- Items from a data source
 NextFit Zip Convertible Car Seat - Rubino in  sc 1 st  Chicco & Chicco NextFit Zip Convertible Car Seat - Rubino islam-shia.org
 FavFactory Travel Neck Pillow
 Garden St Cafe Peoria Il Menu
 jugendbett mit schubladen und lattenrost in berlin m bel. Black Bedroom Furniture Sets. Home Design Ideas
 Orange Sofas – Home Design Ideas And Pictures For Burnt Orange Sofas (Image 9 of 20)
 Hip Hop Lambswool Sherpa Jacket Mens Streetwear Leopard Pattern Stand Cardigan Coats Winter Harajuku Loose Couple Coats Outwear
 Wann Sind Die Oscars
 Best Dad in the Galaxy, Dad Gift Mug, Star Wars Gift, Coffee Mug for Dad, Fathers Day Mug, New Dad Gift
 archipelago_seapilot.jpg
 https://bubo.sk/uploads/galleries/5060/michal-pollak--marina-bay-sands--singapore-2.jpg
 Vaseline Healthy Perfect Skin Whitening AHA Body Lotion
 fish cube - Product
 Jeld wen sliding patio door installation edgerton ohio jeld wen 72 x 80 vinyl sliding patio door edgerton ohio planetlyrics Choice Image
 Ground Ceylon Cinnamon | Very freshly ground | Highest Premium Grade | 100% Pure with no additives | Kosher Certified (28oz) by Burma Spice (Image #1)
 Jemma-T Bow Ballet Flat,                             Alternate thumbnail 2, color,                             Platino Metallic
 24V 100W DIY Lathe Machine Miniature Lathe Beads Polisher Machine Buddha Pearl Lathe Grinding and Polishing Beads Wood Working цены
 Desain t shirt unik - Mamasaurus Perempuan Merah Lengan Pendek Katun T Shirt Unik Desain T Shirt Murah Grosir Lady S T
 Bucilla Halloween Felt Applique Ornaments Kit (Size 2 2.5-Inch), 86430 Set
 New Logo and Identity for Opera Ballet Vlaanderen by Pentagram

- REQUIREMENT
Using the records above, list each line that includes "Image".

- OUTPUT
 Orange Sofas – Home Design Ideas And Pictures For Burnt Orange Sofas (Image 9 of 20)
 Jeld wen sliding patio door installation edgerton ohio jeld wen 72 x 80 vinyl sliding patio door edgerton ohio planetlyrics Choice Image
 Ground Ceylon Cinnamon | Very freshly ground | Highest Premium Grade | 100% Pure with no additives | Kosher Certified (28oz) by Burma Spice (Image #1)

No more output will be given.